Nearly two weeks on and the Budget is still niggling. George Osborne doesn’t just walk out into the political motorway without looking left and right and Britain doesn’t spend weeks debating pasties as if we’re all in Carry On Class War. And yet, here we are and the only explanation I can come up with is the 50 per cent tax rate and its links back into the debate about welfare and “responsibility”.
The fiscal arguments for the 50p rate are as slight as those for the household benefit cap: on the OBR scoring, neither of them add up to half of one per cent of Britain’s deficit this year. Both have been justified by the idea that solidarity runs from the very richest to those on the furthest periphery of society: when everyone is suffering from say, higher VAT and lower tax credits, these measures are supposed to show that no one has escaped without a bit of pain.
Except the political debate hasn’t been dominated by what the majority are losing in higher taxes and lower spending – it has been dominated precisely by the policies that have no impact on the majority.

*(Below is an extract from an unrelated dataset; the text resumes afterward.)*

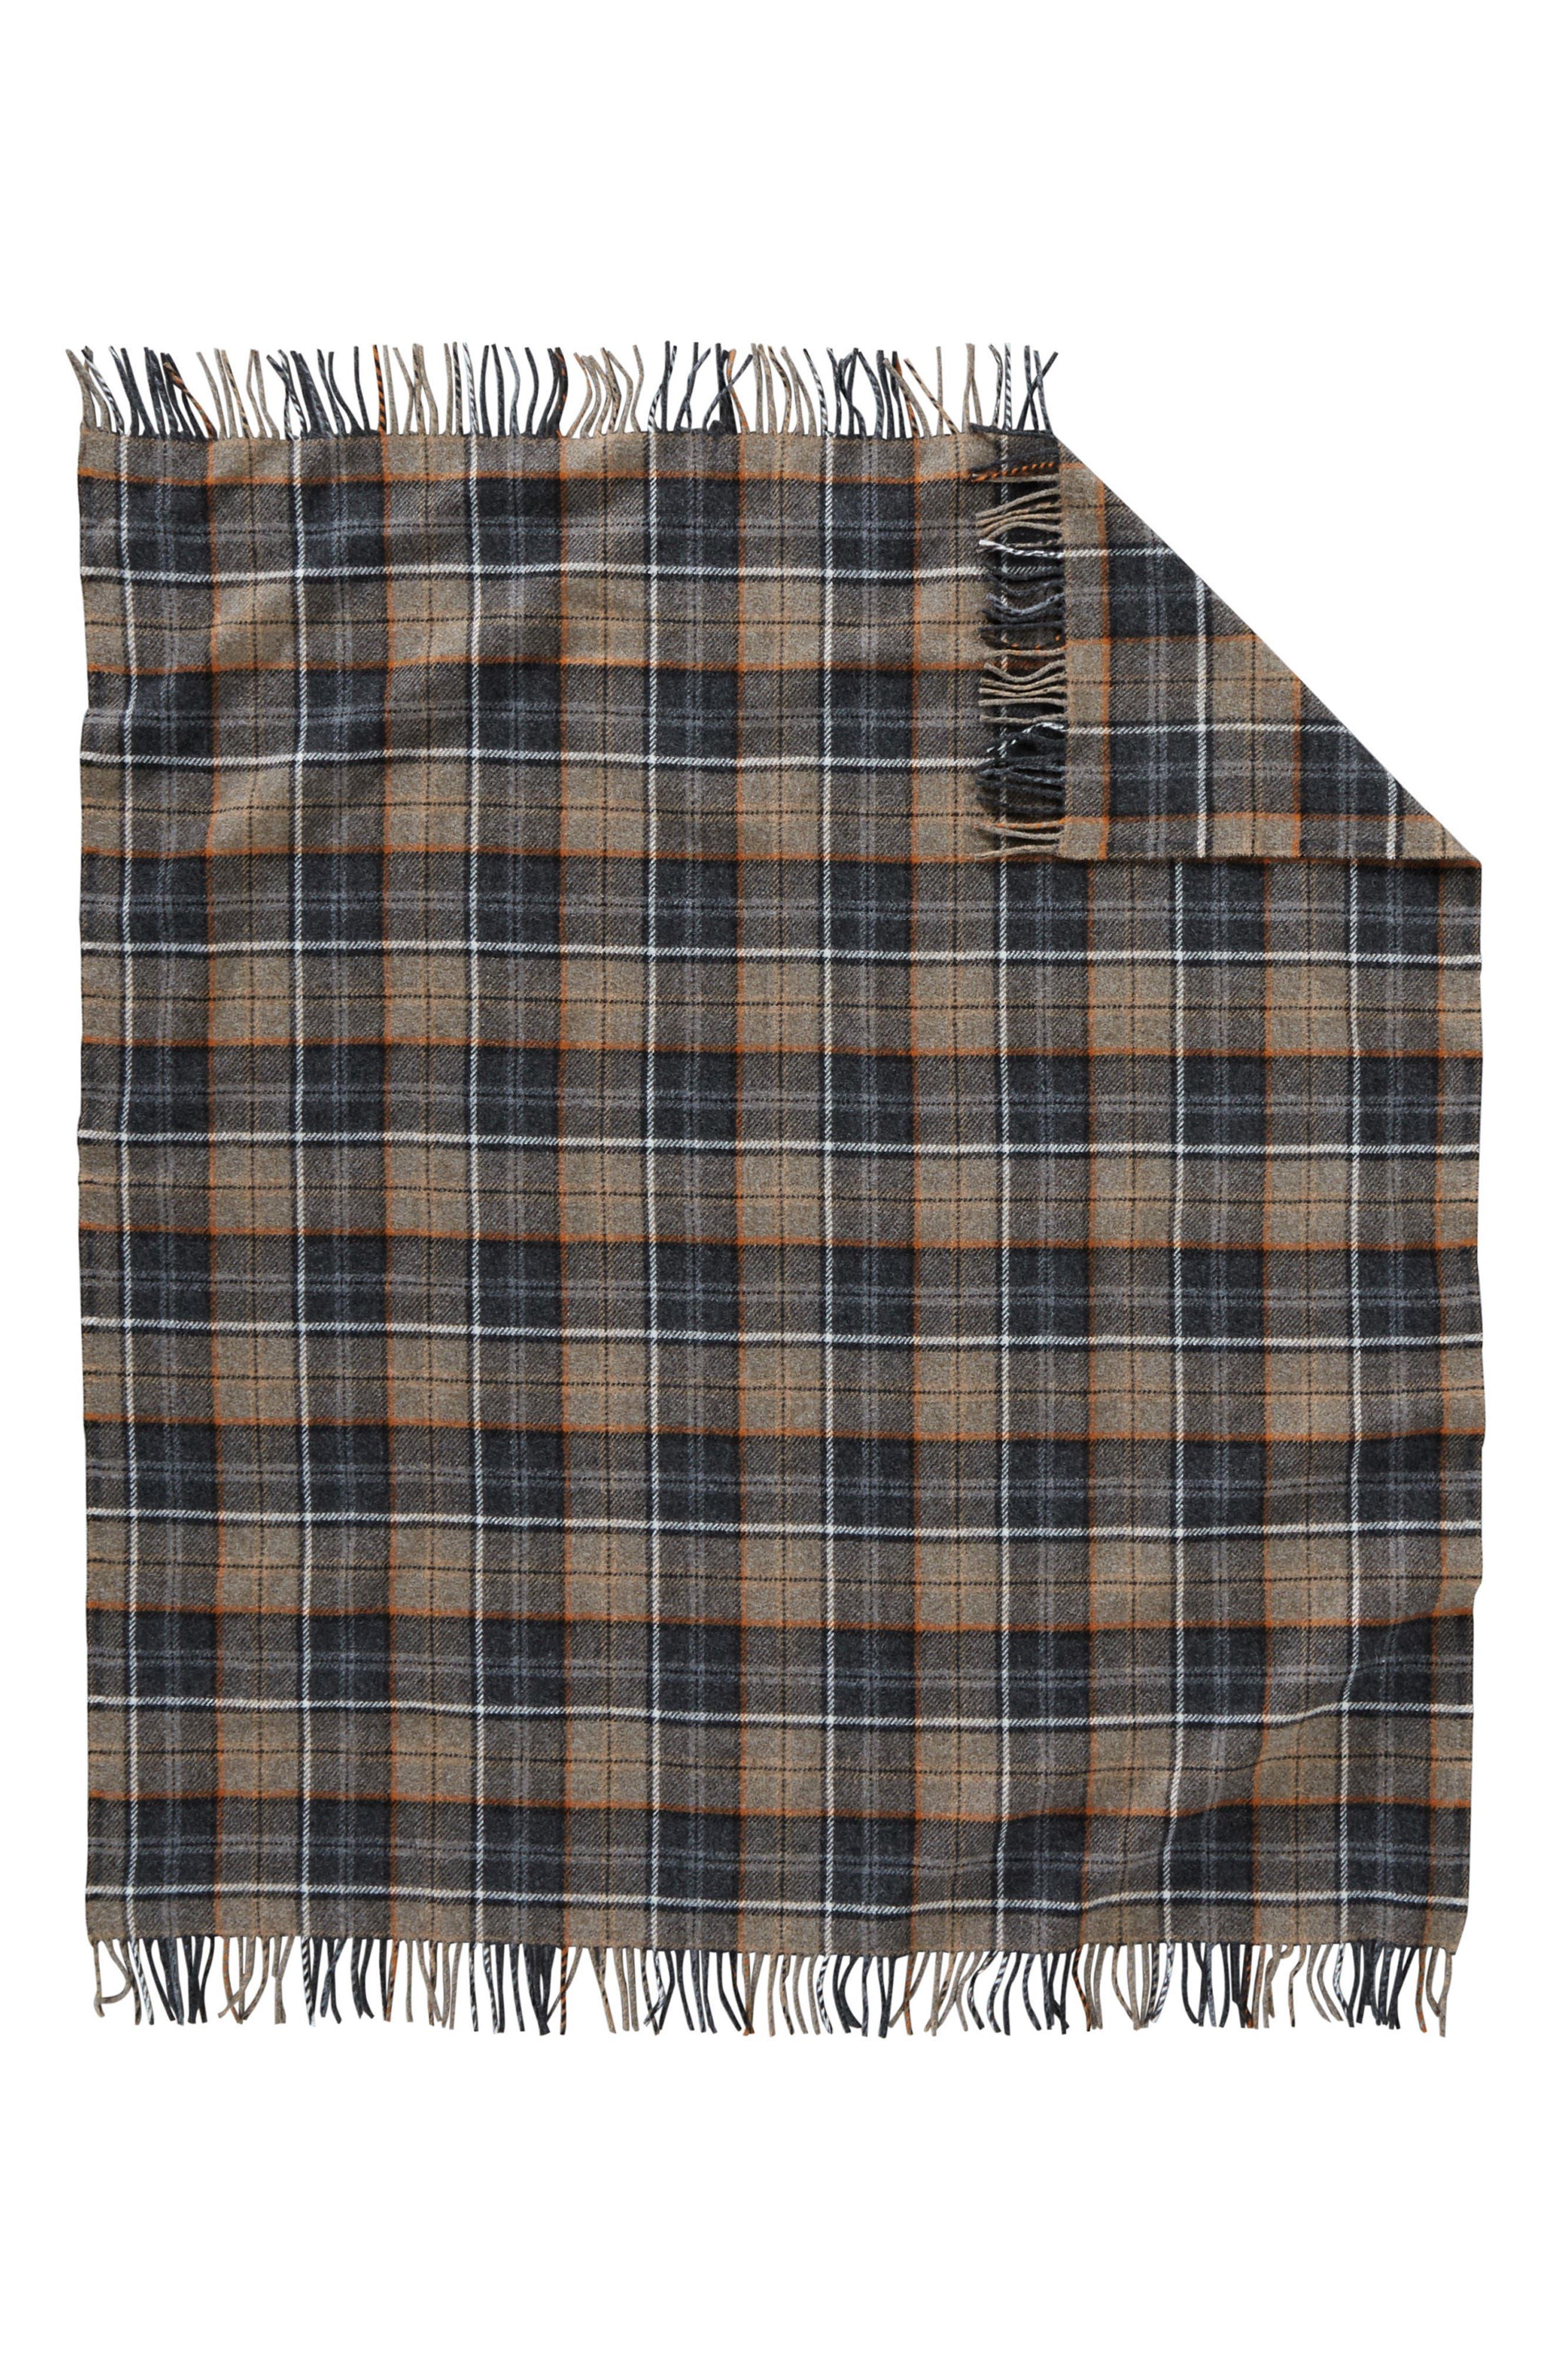 Plaid Wool Throw,                             Alternate thumbnail 2, color,                             020

Instead, we have already paid an extra £7 billion a year in tax because of George Osborne’s policy decisions and done so while giving him a better rating on the economy than his Labour opponents. The extra taxes announced in this Budget are a shadow of those announced earlier in the Coalition’s lifetime and no one will get a smaller cheque this month than they did last. Part of the explanation for the Treasury’s poor tactics in announcing them must have been an assumption that, looking at that scorecard, they’ve persuaded the country to swallow much more bitter tasting medicine and without complaint.
Cross-breeding allusions we could say this is the curious case of the goose that didn’t hiss when it was plucked: while benefit caps and 50p rates produced cacophonies, tax rises have been met with relative silence. However badly people thought the Government was doing it, a consistent 55 to 60 per cent of us thought that cutting spending to reduce the deficit was “necessary” and I suspect a similar score would be found if a similar question made reference to the tax rises that took place in 2011.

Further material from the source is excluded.